Clawhammer

  • Clawhammer
  • Get Yer Heh Heh's Out [tape] (Trigon) 1989 
  • Poor Robert EP (Aus. Grown Up Wrong) 1989 
  • Clawhammer (Sympathy for the Record Industry) 1990 
  • Double Pack Whack Attack EP (Sympathy for the Record Industry) 1990 
  • Q: Are We Not Men? A: We Are Not Devo (Sympathy for the Record Industry) 1991 
  • Ramwhale (Sympathy for the Record Industry) 1992 
  • Pablum (Epitaph) 1993 
  • Thank the Holder Uppers (Interscope/Atlantic) 1995 

With a moniker cribbed from Captain Beefheart, you wouldn’t suspect ex-Pontiac Brothers guitarist Jon Wahl’s baby to mewl forth much in the way of pub-rock revivalism. And you’d be mostly right. Locked into a stupefyingly precise dada-blues/hard-rock fusion on Poor Robert, the quartet zooms along like a dragster doing 110 mph with cruise control (particularly on a hard-as-nails version of the Fab Four’s less-than-robust “Everybody’s Got Something to Hide…”).

Unfettered by standard song structure on much of the eponymous longplayer, Wahl’s mercurial yelp skitters across measures like Richard Hell at his most dislocated. At times (“Papa’s Got Us All Tied in Knots”), Clawhammer sounds like Half Japanese gone classic rock. Then again, at the end of the finale, the group indulges in a spate of angular jamming that sounds like vintage Allman Brothers. That they never actually parrot the good Captain is to Clawhammer’s credit; that they can evoke his spirit as convincingly as they do on “Warm Spring Night” is nothing short of eerie. On Double Pack Whack Attack, Wahl and his cohorts inflict varied degrees of damage to faves by Patti Smith (“Pumping”), Pere Ubu (“Final Solution”), Eno (“Blank Frank”) and Devo (“Uncontrollable Urge”), a band that seems to be a sort of talisman for Clawhammer. From there, it was a short conceptual leap to taking a whack at covering (with the blessing of Mark Mothersbaugh) the spudboys’ seminal debut album in its entirety. The result falls somewhere between tribute and ruination.

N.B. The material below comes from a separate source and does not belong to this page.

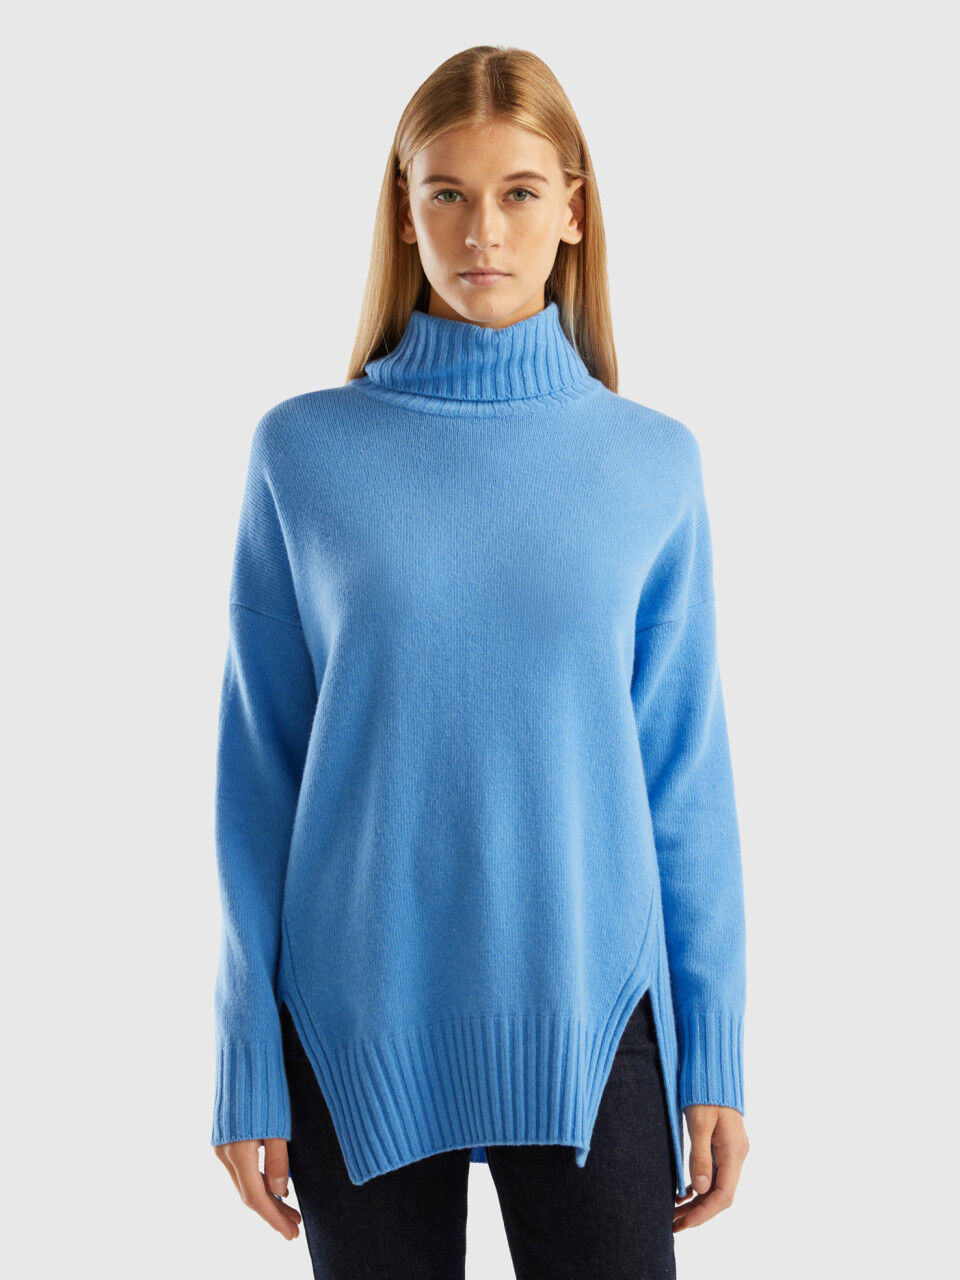 Women's High Neck Sweaters New Collection 2023 | Benetton

Ramwhale‘s viscous production can’t mask the fact that this mostly unsatisfying, overly boogie-drenched collection indicates Wahl is holding back (or is perhaps impeded by his double duty as drummer/token male in his wife’s band, the Red Aunts — not to mention guitarist Chris Bagarozzi’s moonlighting in thrash-funk outfit Down by Law). Pablum loosens the wingnuts palpably: Wahl barrels from gravel-gargle (on the visceral “Vigil Smile”) to muezzin wail (on the Bill Burroughs biograph, “William Tell”) without so much as popping a lozenge. Clawhammer also forges a welcome return to its radar-gun-defying speedball antics on the tequila-and-ephedrine paroxysm “Montezuma’s Hands.”

On its overdue major-label bow, Thank the Holder Uppers, the foursome caper rowdily like (dead end) kids set loose in a candy store. The sonic debris launched — particularly on the protracted “Five Fifths Dead” — ushers in a whole new era of reasons to duck and cover.